In general, deep belief networks and multilayer perceptrons with rectified linear units or RELU
are both good choices for classification.
For time series analysis, it is always recommended to use recurrent net.
Neural nets have been around for more than 50 years; but only now they have risen into
prominence. The reason is that they are hard to train; when we try to train them with a method
called back propagation, we run into a problem called vanishing or exploding gradients.When
that happens, training takes a longer time and accuracy takes a back-seat. When training a data
set, we are constantly calculating the cost function, which is the difference between predicted
output and the actual output from a set of labelled training data.The cost function is then
minimized by adjusting the weights and biases values until the lowest value is obtained. The
training process uses a gradient, which is the rate at which the cost will change with respect to
change in weight or bias values.

2.Life cycle of Deep Learning Model

Deep learning (DL) is a subset of machine learning (ML). A deep learning model is capable of
learning by creating its own computing method. While it is easy to confuse machine learning
with deep learning - there is a difference between the two. Basic ML models become better as
you continue feeding them data, they would still require human guidance as the learning
algorithms are not that deep. However, with deep learning, the model determines the accuracy or
inaccuracy of its prediction based on its own neural network, optimizers, and loss functions.
Also, the models are deep with huge datasets in the DL which increases the training time
drastically.

The Deep Learning Life cycle

The DL life cycle is the cyclic process that is initiated to build an efficient machine learning
project. The main purpose of a DL project is to find a solution to a problem using the available
data. 

There are multiple steps in the DL end-to-end life cycle that follow a specific order

 DL Problem Statement

The first step begins by addressing that a problem exists and finding potential solutions that will
tangibly improve operations, reduce the cost, time, and increase customer satisfaction. For
example, in the construction industry, we now have PPE Kit detection, people safety monitoring,
site development time and maintenance, etc.

 DL Data Procurement

The second step is to collect the required data and prepare it to be used in deep learning. This
will imply consulting professionals in the construction industry to determine what data would be
relevant in detecting the PPE kit and where the cameras will be placed to effectively cover the
wide-area to accurately detect and predict the unusual mishaps happening. This stage covers the
data gathering for training or performing Transfer Learning and then putting it into a file format
that can be easily organized and understood by the model. 

 DL Data Pre-Processing

Data preprocessing is a Data Mining technique that entails converting raw data into a format that
can be understood by the DL models.

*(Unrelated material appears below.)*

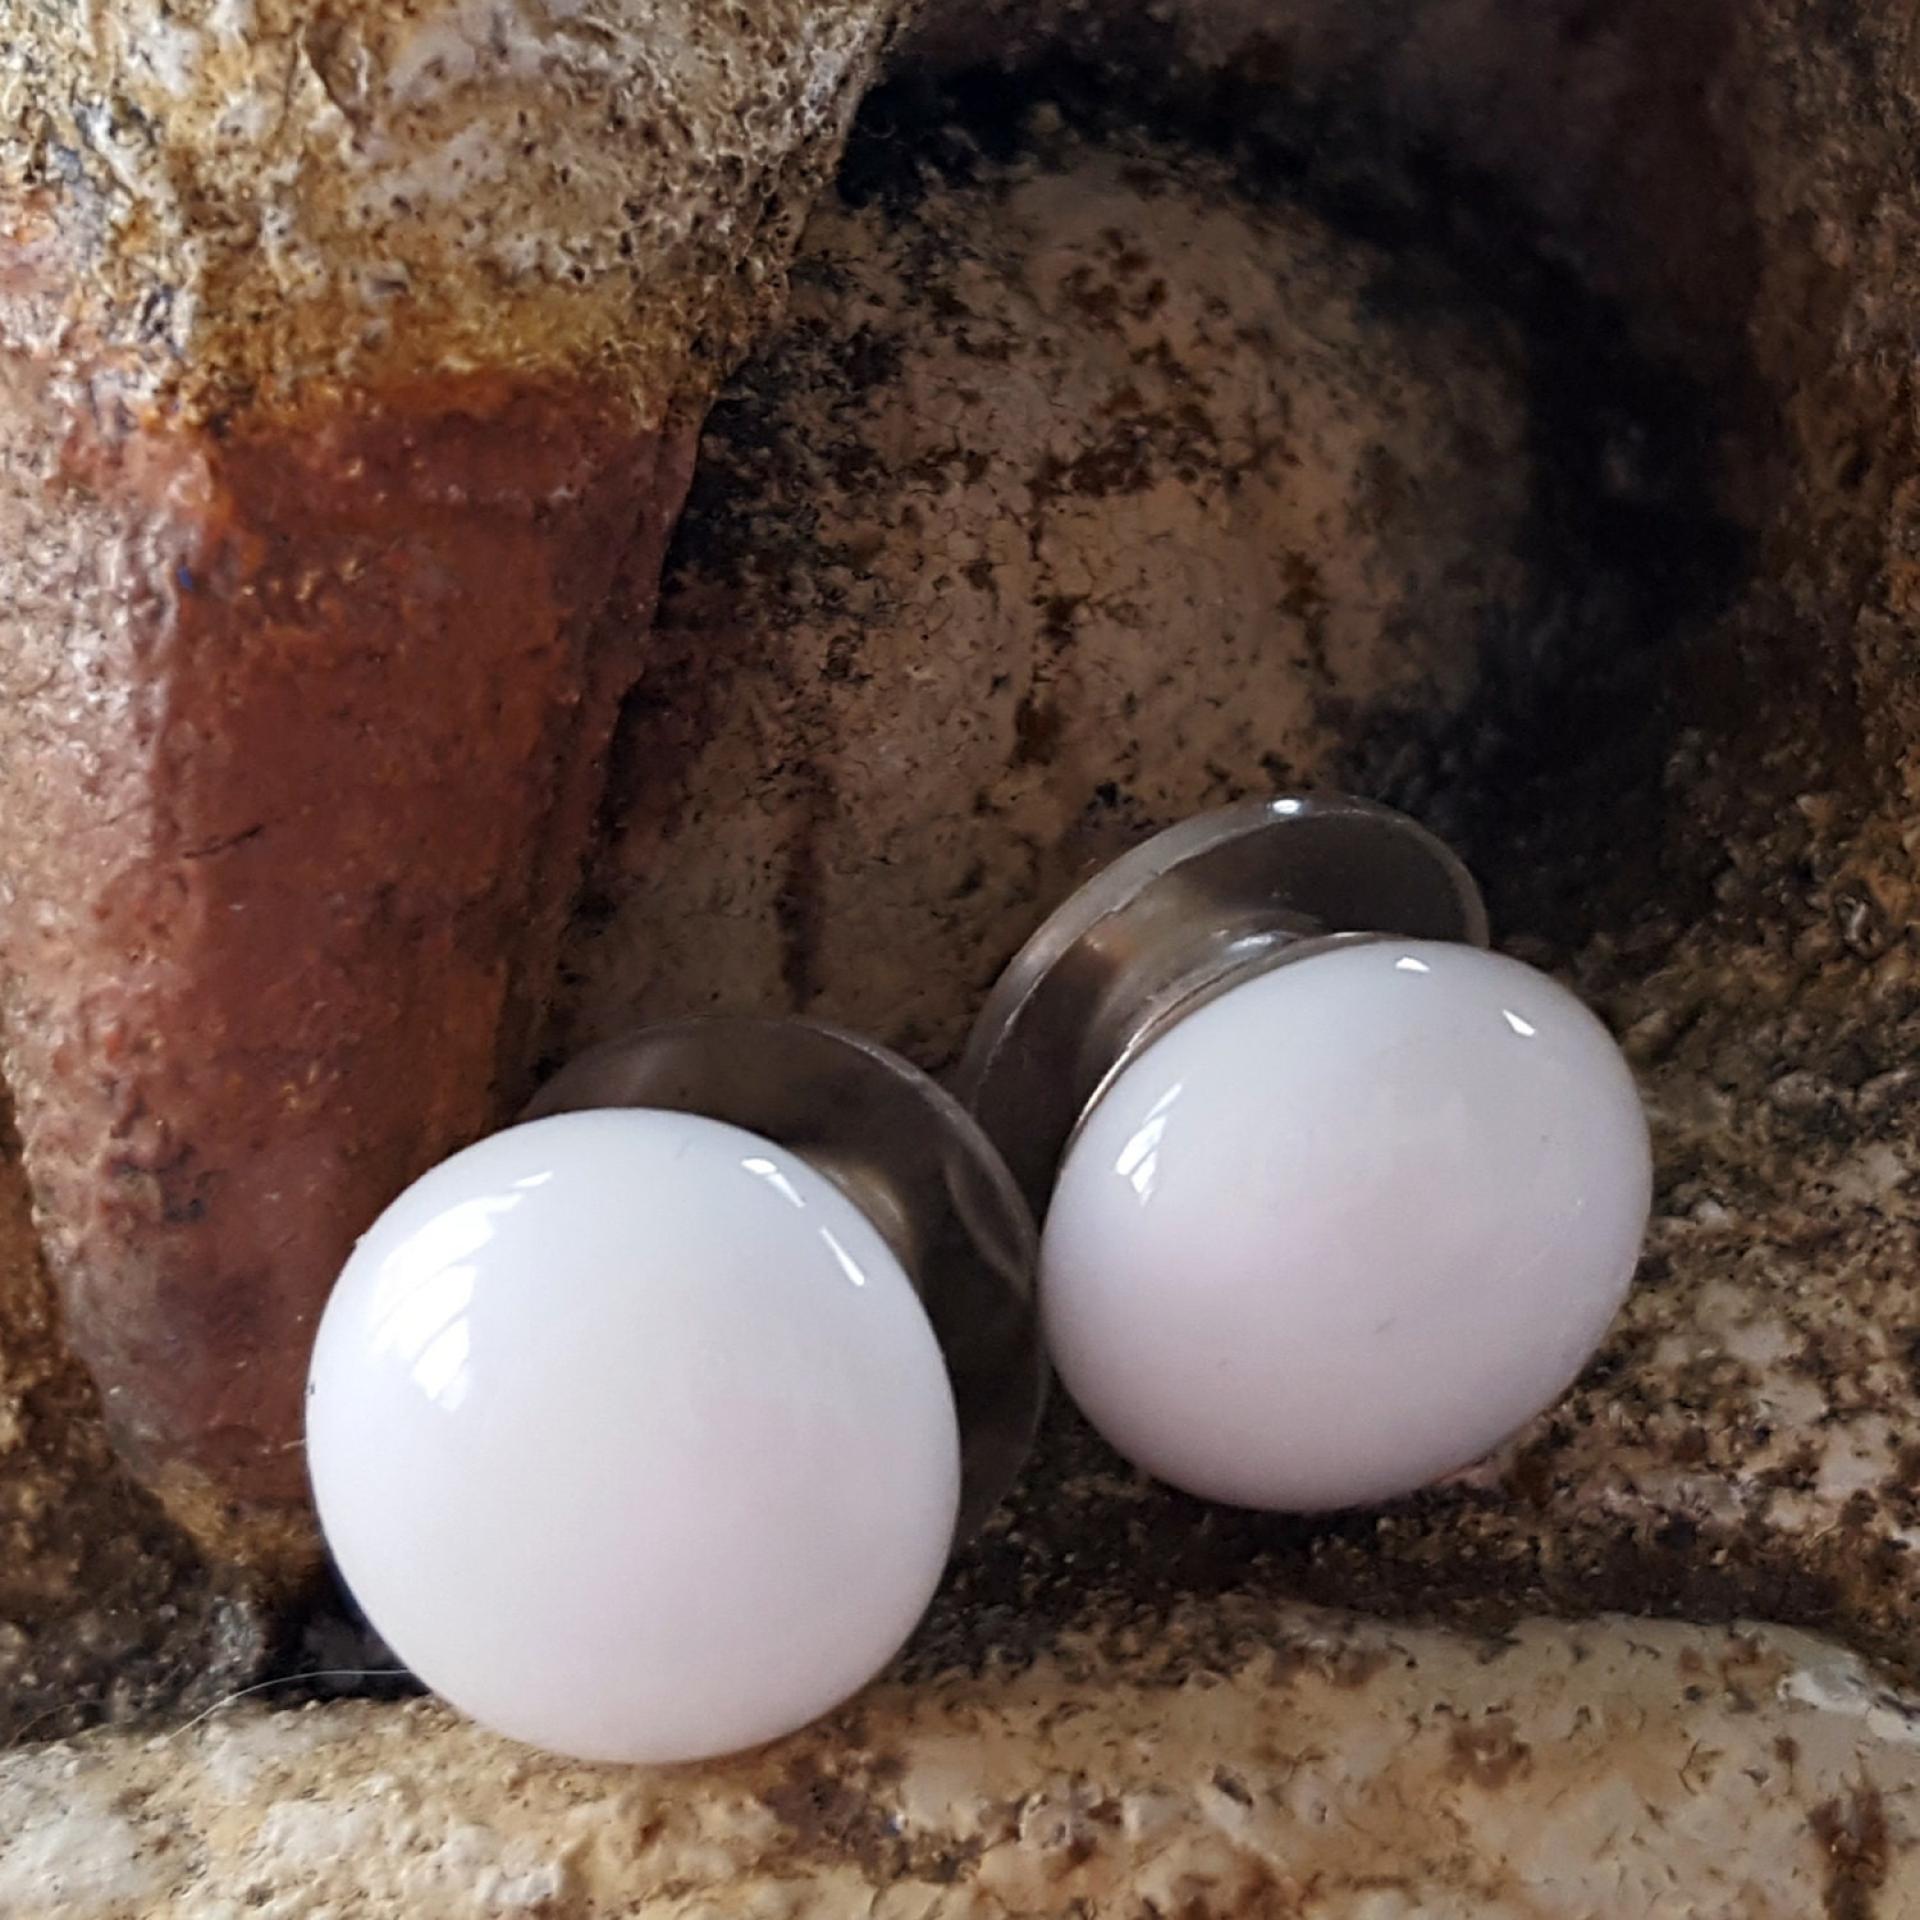 White Stud Earrings, Sterling Silver Posts, Fused Glass 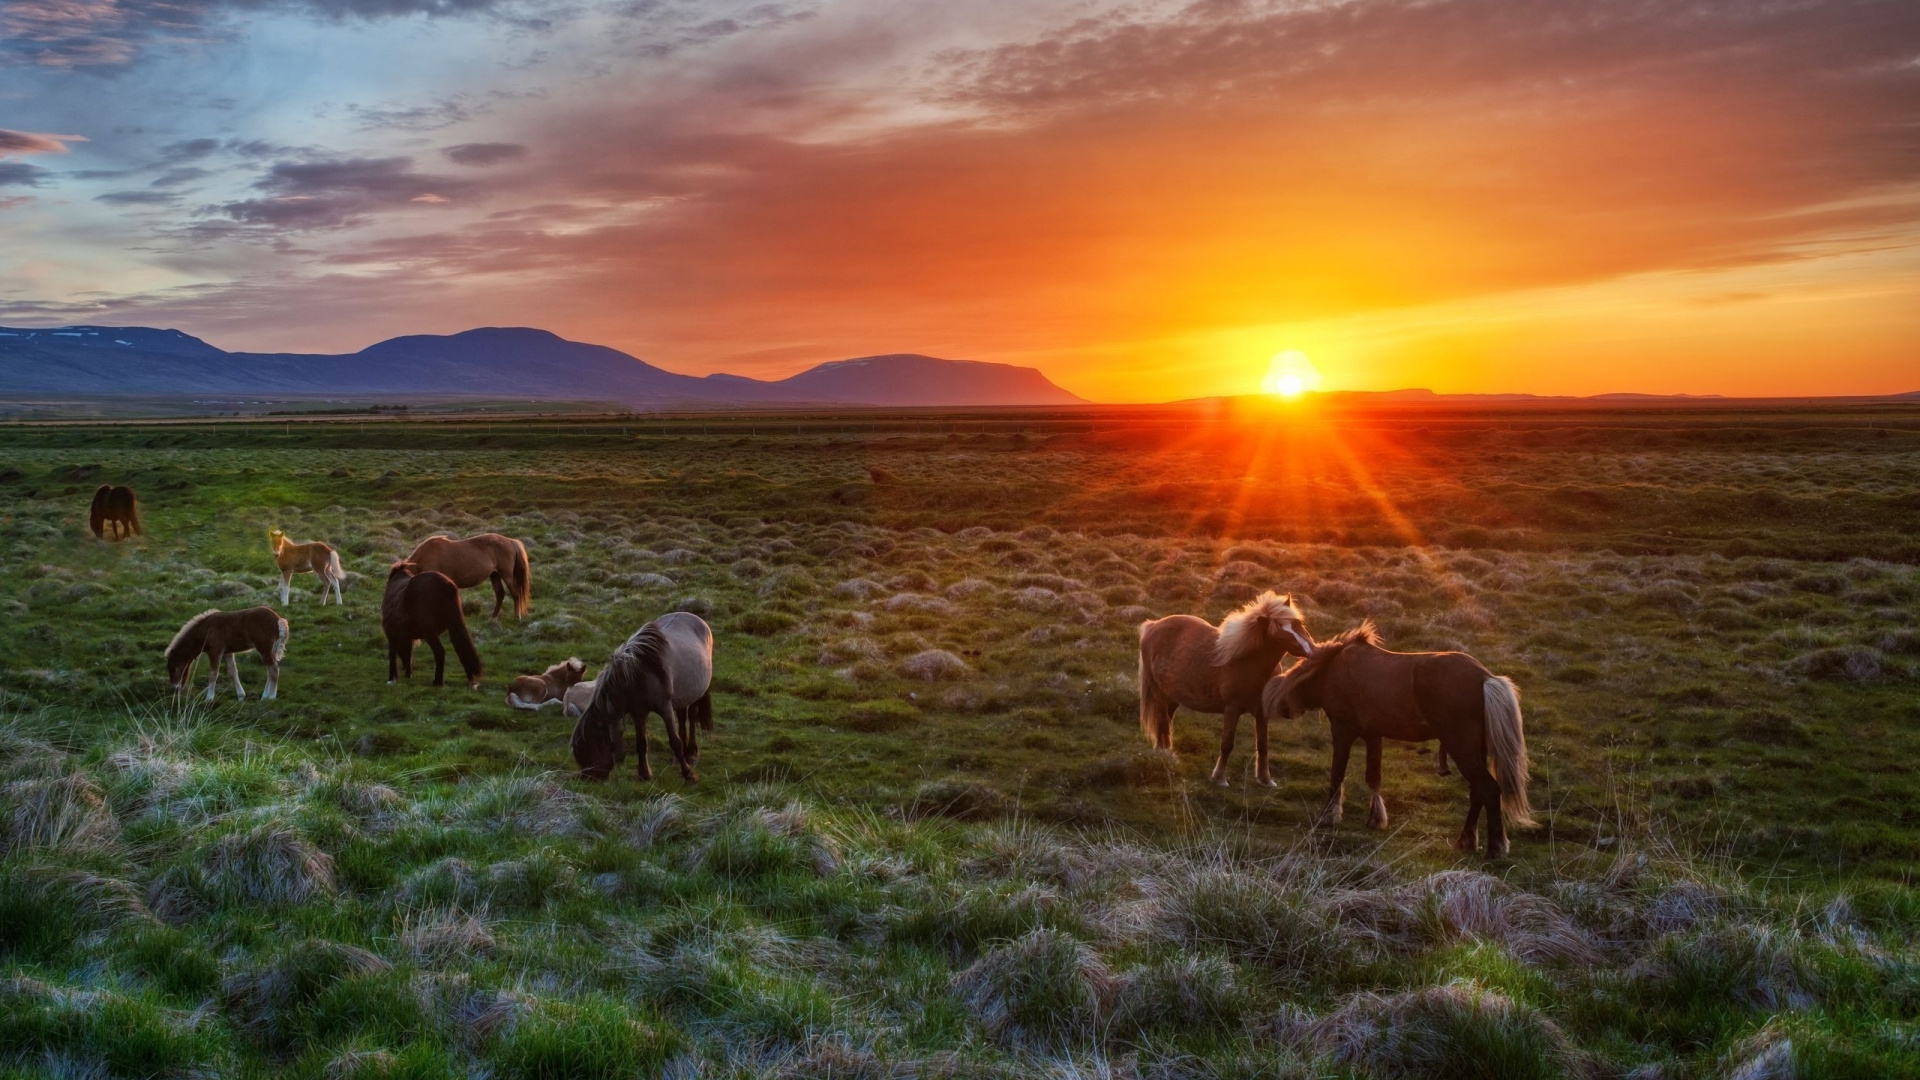 Herd of Horses on Green Grass Field During Sunset. Wallpaper in 1920x1080 Resolution

Real-world data is often incomplete, unreliable, and/or
deficient in specific behaviors or patterns, as well as containing numerous errors and is also
biased for a particular problem statement. Preprocessing data is a tried and true way of
addressing such problems. Data pre-processing methods such as data labeling and annotation in
case of video and image data and data tagging in case of speech and text data is a very important
step for the DL life-cycle.

 DL Model Development

In order to gain insights into the data that you have collected and pre-processed, it is crucial that
you set your target variable- which is the main component that you want to gain deeper insights
from your data. For example, you want to detect how many vehicles are parked in the parking
garage at a construction site? We will have to train a DL model to detect the vehicles in the
parking from the CCTV camera. Sounds simple, isn’t it! Now, think if we want to detect how
many vehicles are cars, trucks, SUVs, etc? Moving ahead what is the brand and make of the
vehicle and what is the color of the vehicle? To perform all these analyses we need to perform
iterative learning of the model and need a model ensemble layer to give us the desired results.
The Deep in the DL stands for how deep the models are. 

 DL Model Optimization

After model training is completed the model needs to be optimized more for the specific case.
There are generally 3 types of model optimization:

1. Accuracy optimization
2. Memory optimization
3. Latency and throughput optimization

 DL Model Inference

After the model has been successfully trained & optimized, the task at hand is to now explain
these outcomes to people with very little knowledge in the field of data science. This can be
particularly difficult. In the earlier years, it was difficult to convey these insights to important
stakeholders in the business, but with time it has gotten easier. It is important to note that the
more interpretable your model is the easier it becomes to communicate its value and importance
to key stakeholders. 
 DL Model Governance

The last step in this process is to implement, document, version DL models, and ultimately
maintain the data science project so that it can be harnessed while simultaneously improving its
models. This step is also generally referred to as the model CI/CD pipeline and it is the longest
in terms of duration in the entire deep learning cycle. 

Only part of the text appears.